◆ **WHAT THE TASK ASKS**:
Copy the listing exactly, please, and keep every picture out of it.

◆ **COLLECTED DATA**:
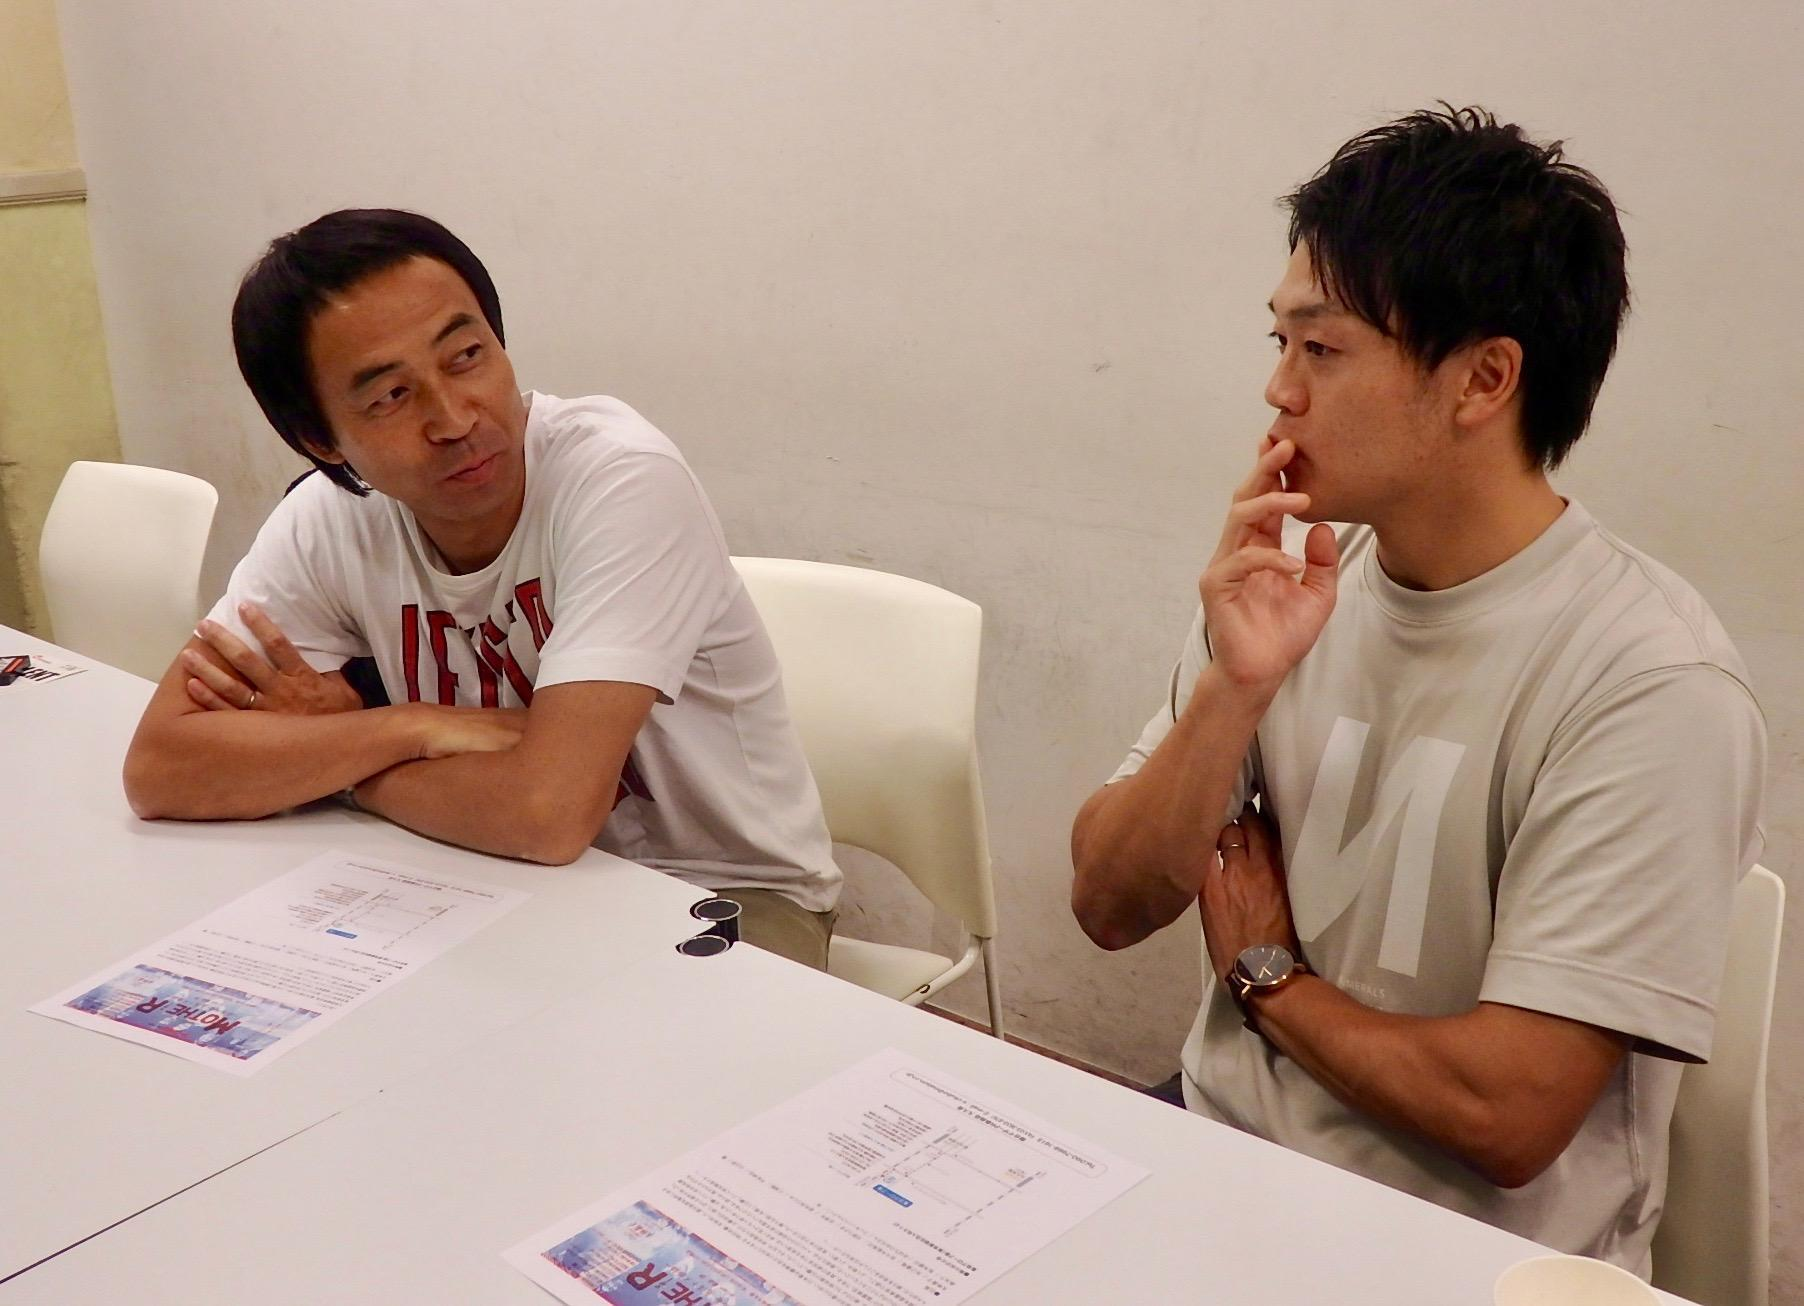 http://news.yoshimoto.co.jp/20180910044608-e16f1539e33f3bdacee4a28b7d39f453b94f9969.jpg
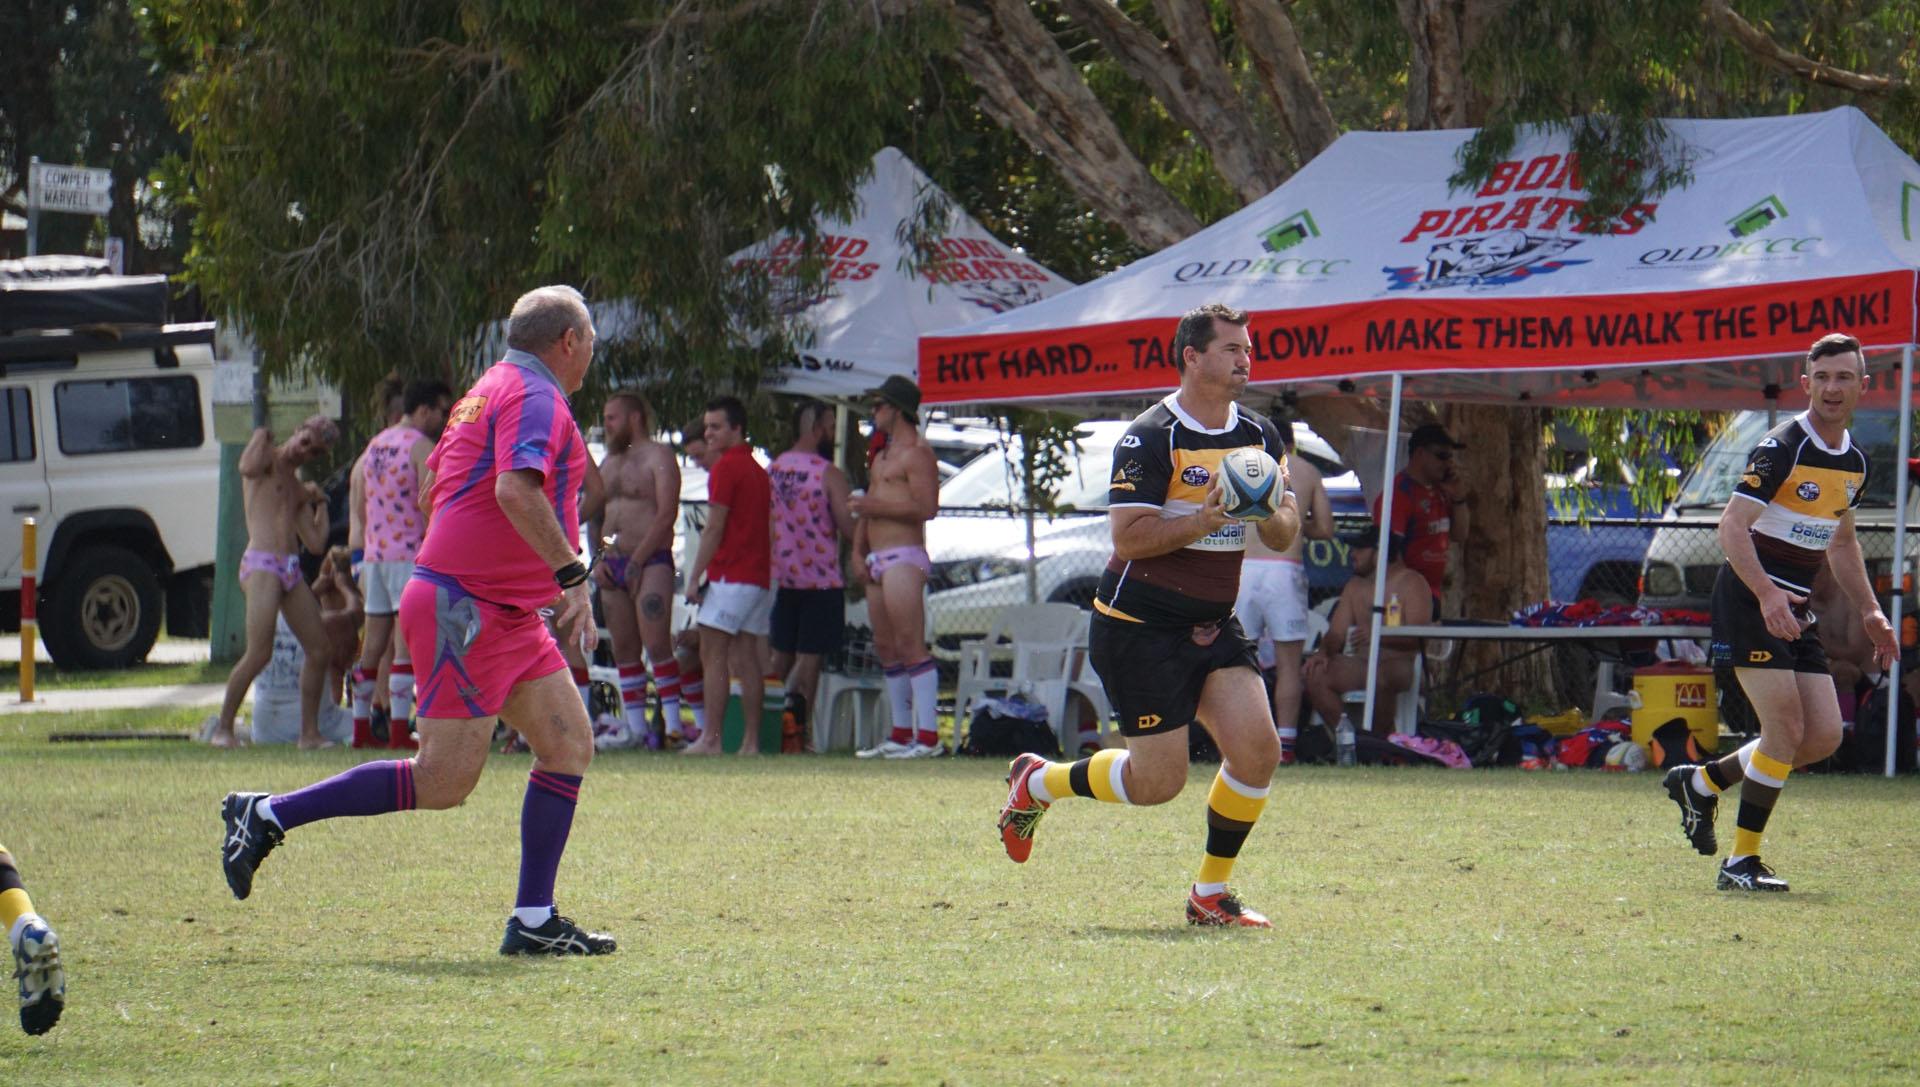 191019-20_Byron Bay Rugby 7s 2019_8
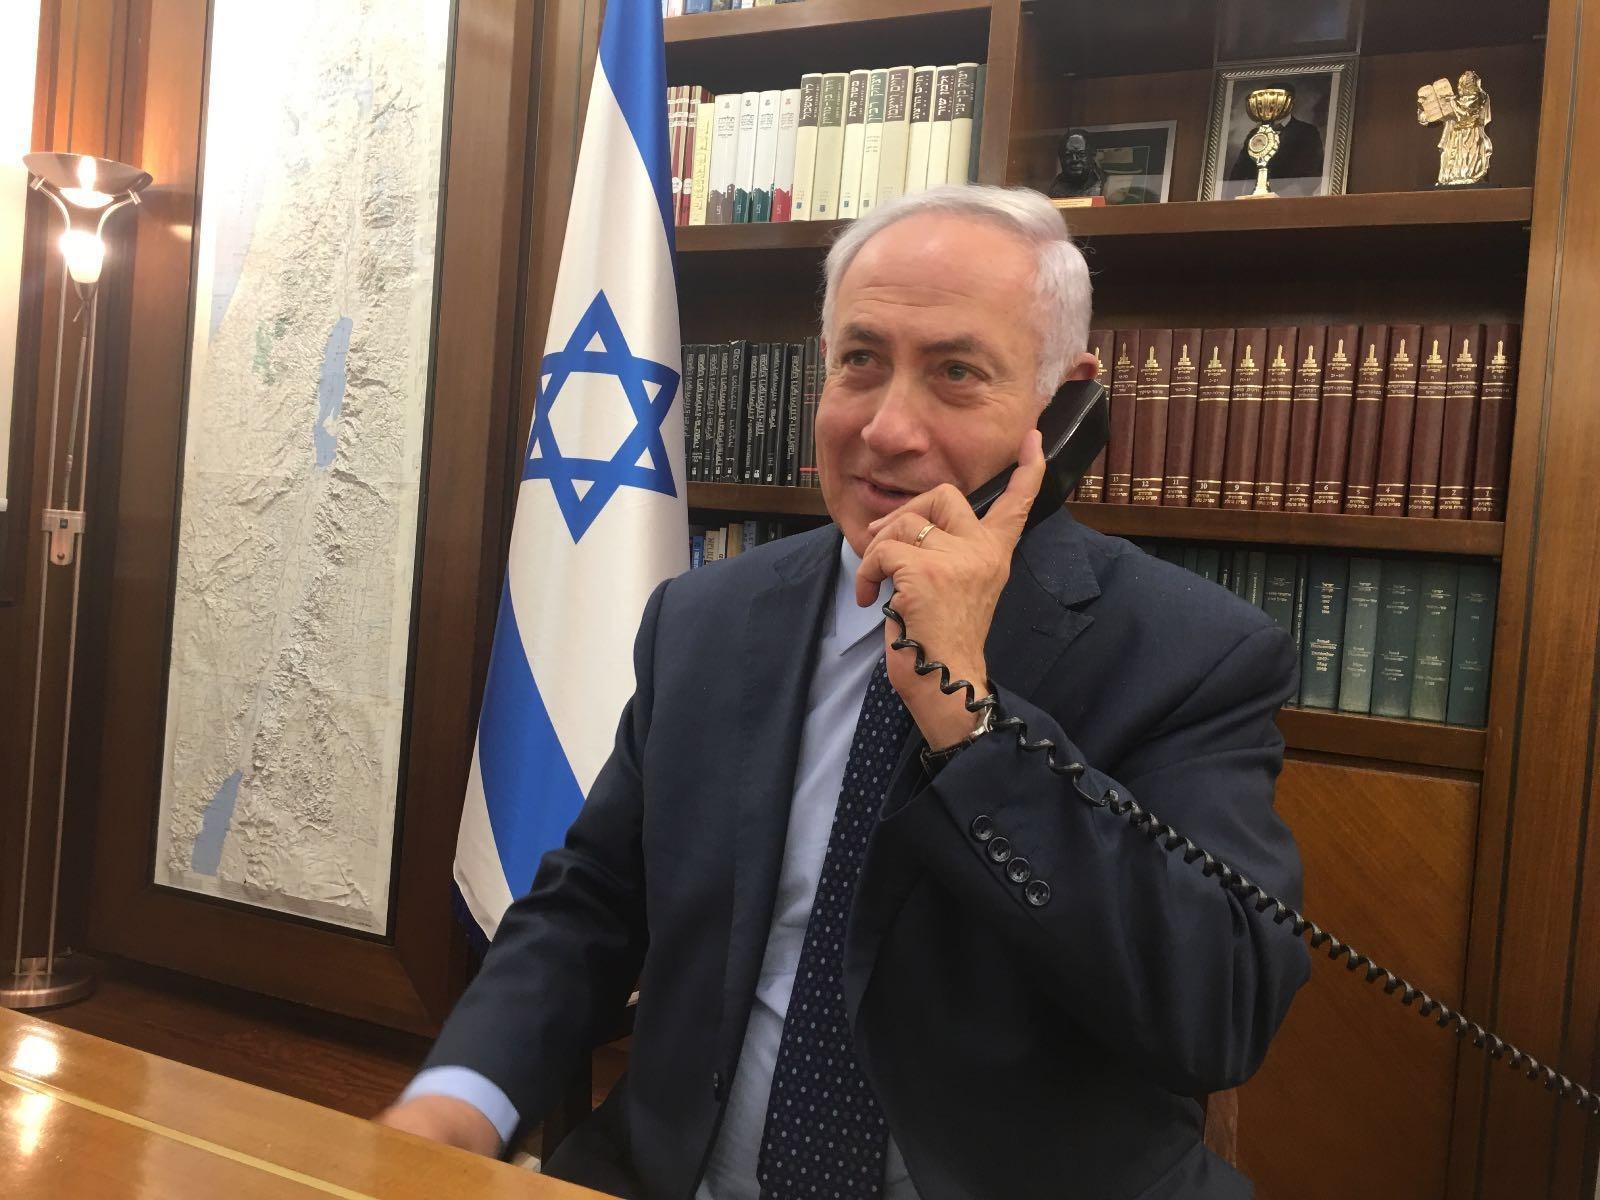 נתניהו חותך ימינה: האם ביתר בדרך לישראל

◆ **YOUR SOLUTION**:
 http://news.yoshimoto.co.jp/20180910044608-e16f1539e33f3bdacee4a28b7d39f453b94f9969.jpg
 191019-20_Byron Bay Rugby 7s 2019_8
 נתניהו חותך ימינה: האם ביתר בדרך לישראל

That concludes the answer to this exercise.